PROBLEM REQUIREMENTS: Give back exactly the lines from the beginning of the listing below to the line holding "A multi-story building", both ends included; the pictures stay out.

SUPPLIED INFORMATION:
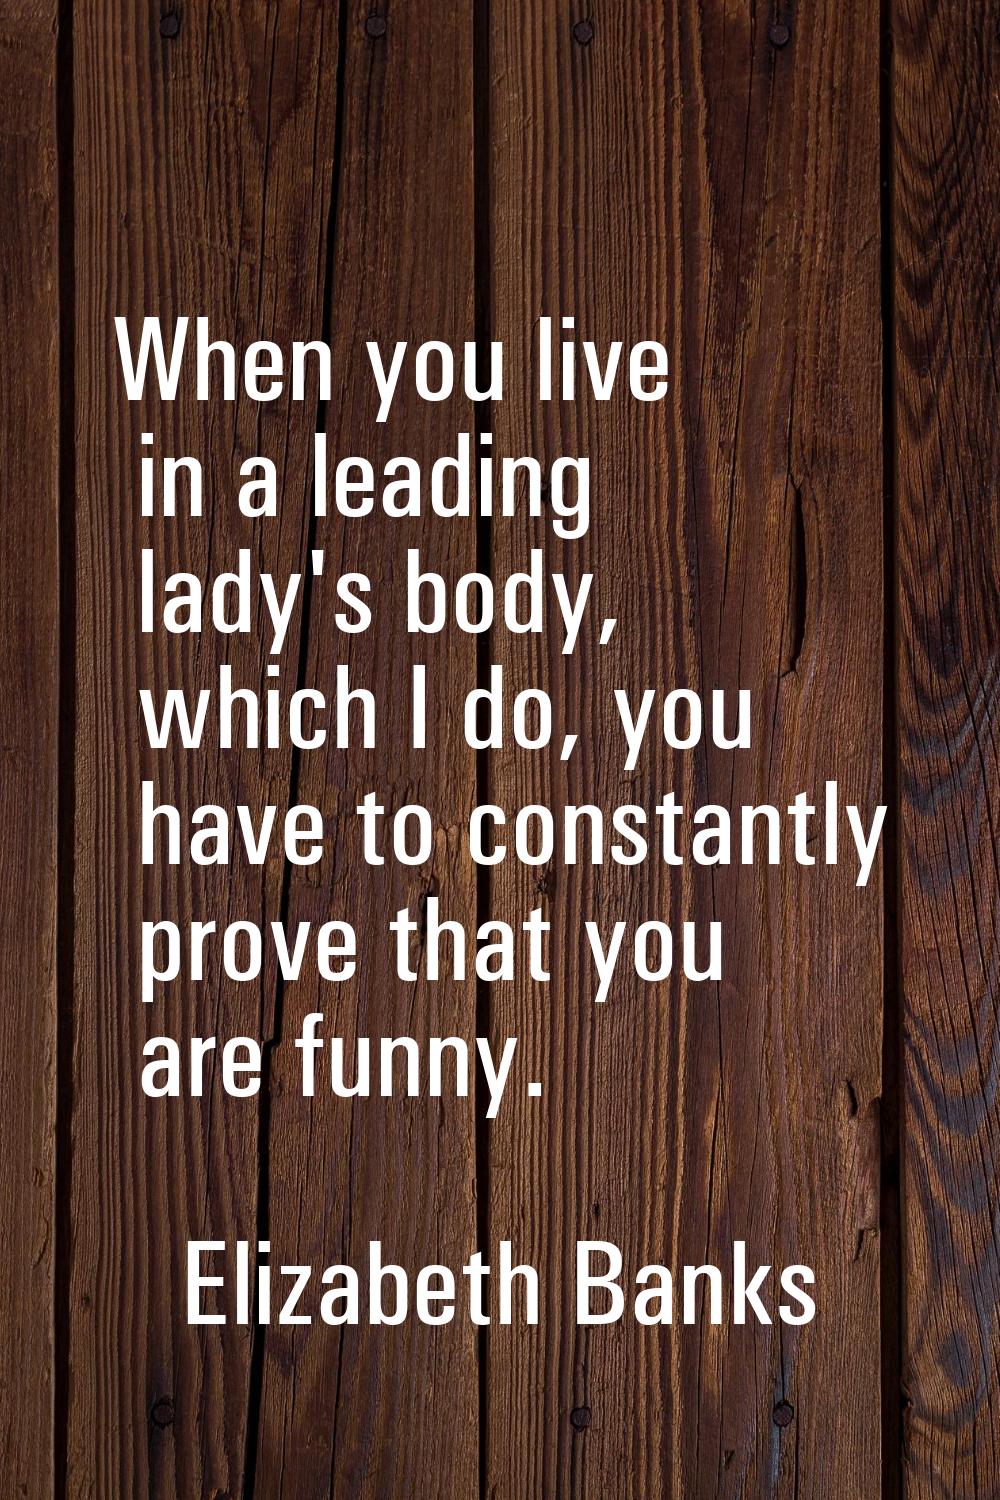 When you live in a leading lady's body, which I do, you have to constantly prove that you are funny
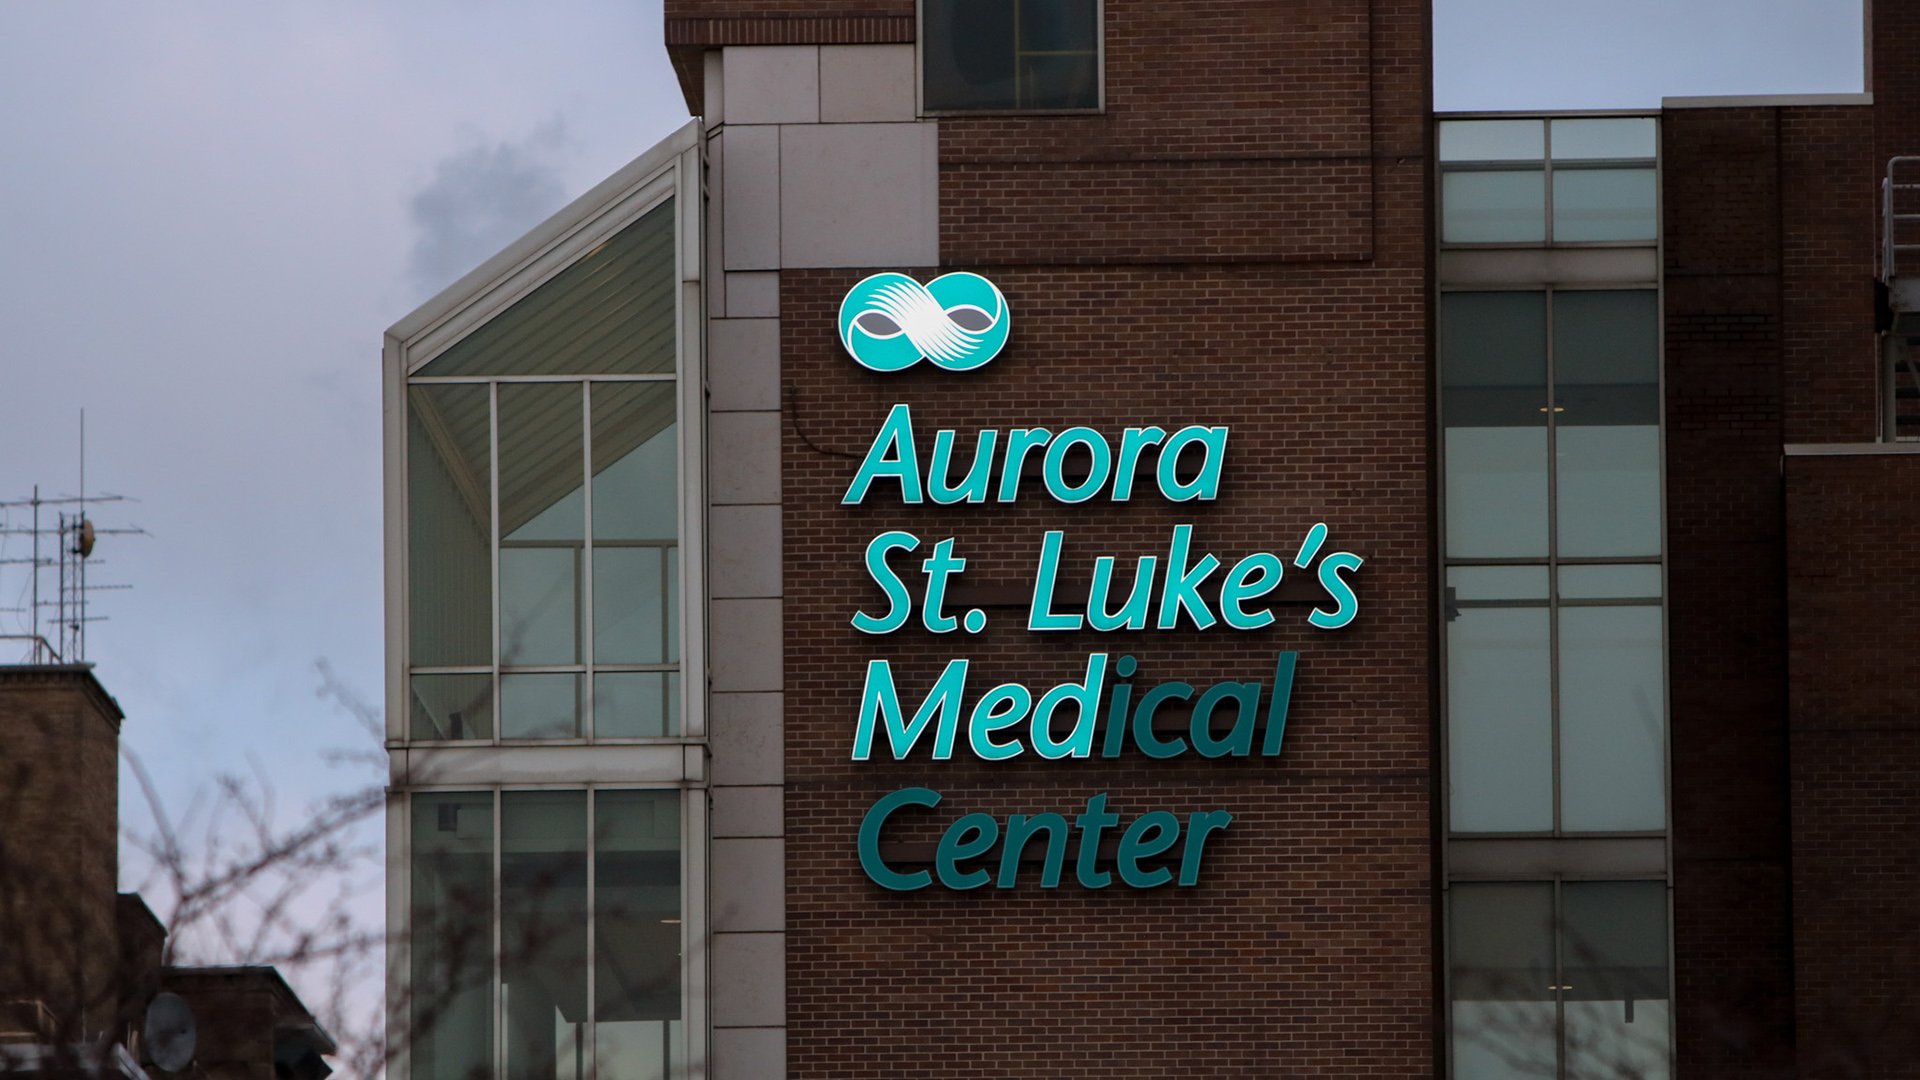 A multi-story building with glass-walled walkways and brick elevator shafts includes a letter sign near its roof that reads "Aurora St. Luke's Medical Center."
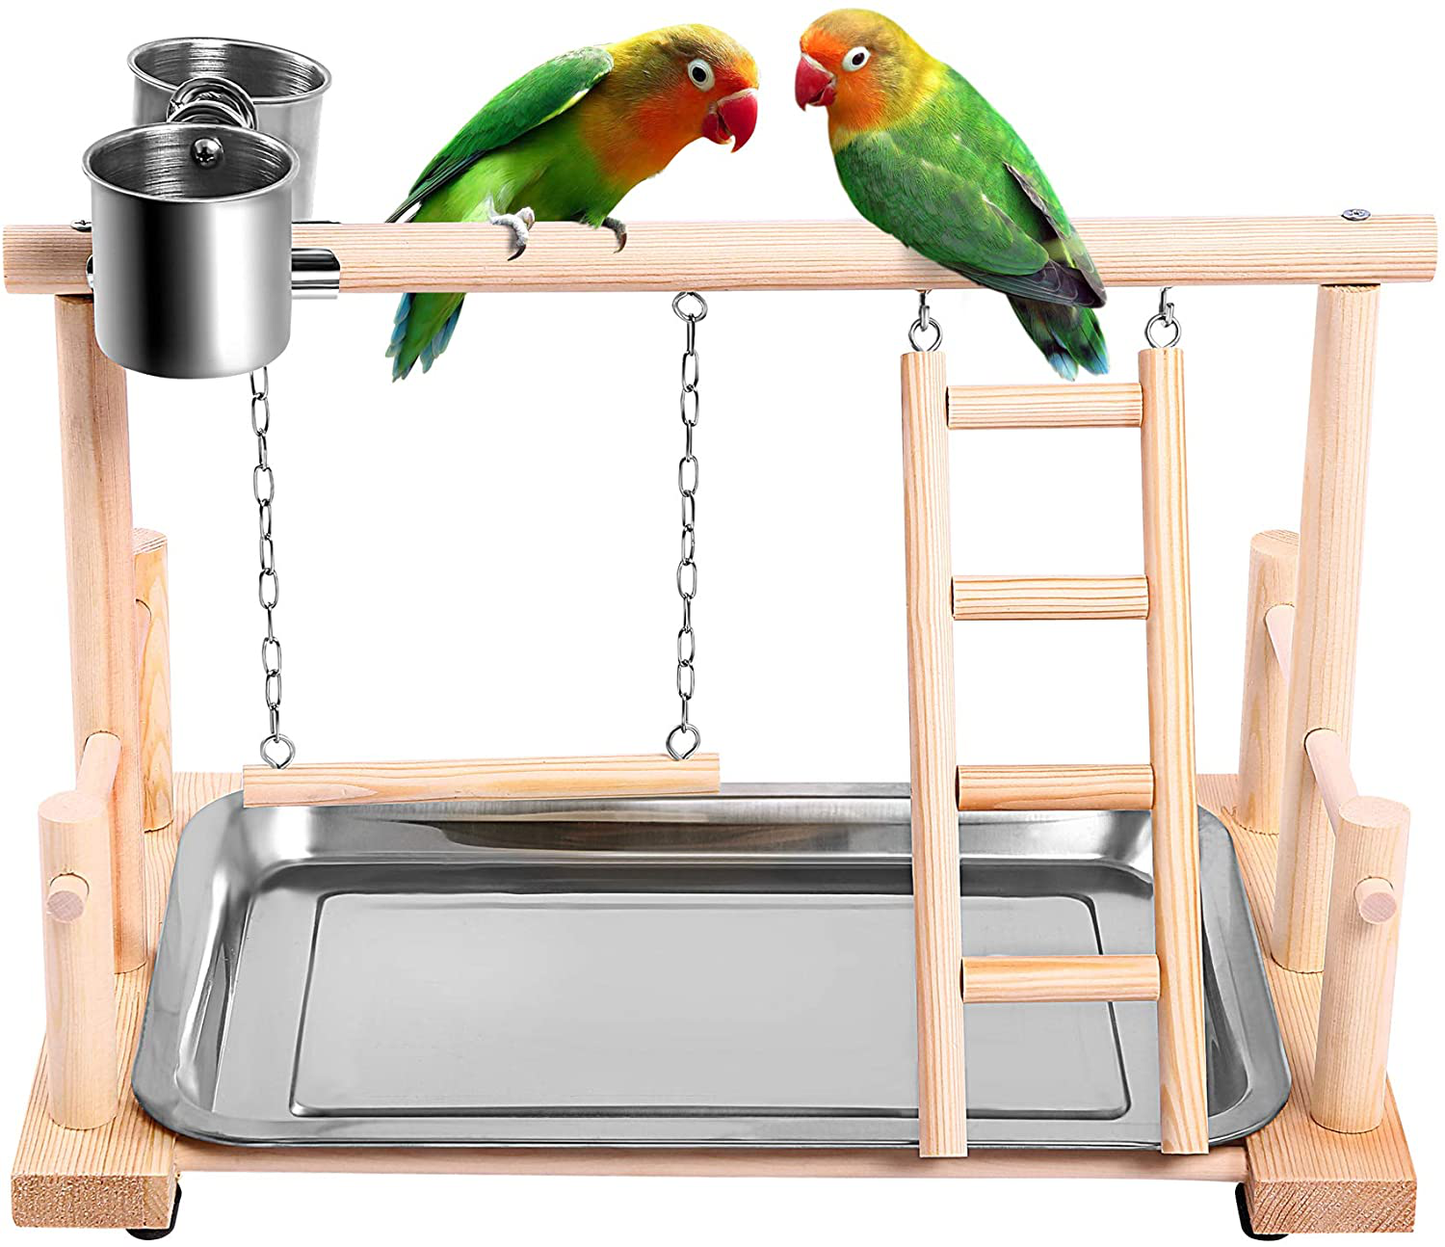 SAWMONG Bird Playgroud Parrots Wood Perch Playstand Stand Playpen Ladder with Feeder Seed Cups, Bird Ropes, Toys Exercise Play for Cockatiels, Conures, Parakeets, Finch Small Animals

REPLY TO THE TASK:
 When you live in a leading lady's body, which I do, you have to constantly prove that you are funny
 A multi-story building with glass-walled walkways and brick elevator shafts includes a letter sign near its roof that reads "Aurora St. Luke's Medical Center."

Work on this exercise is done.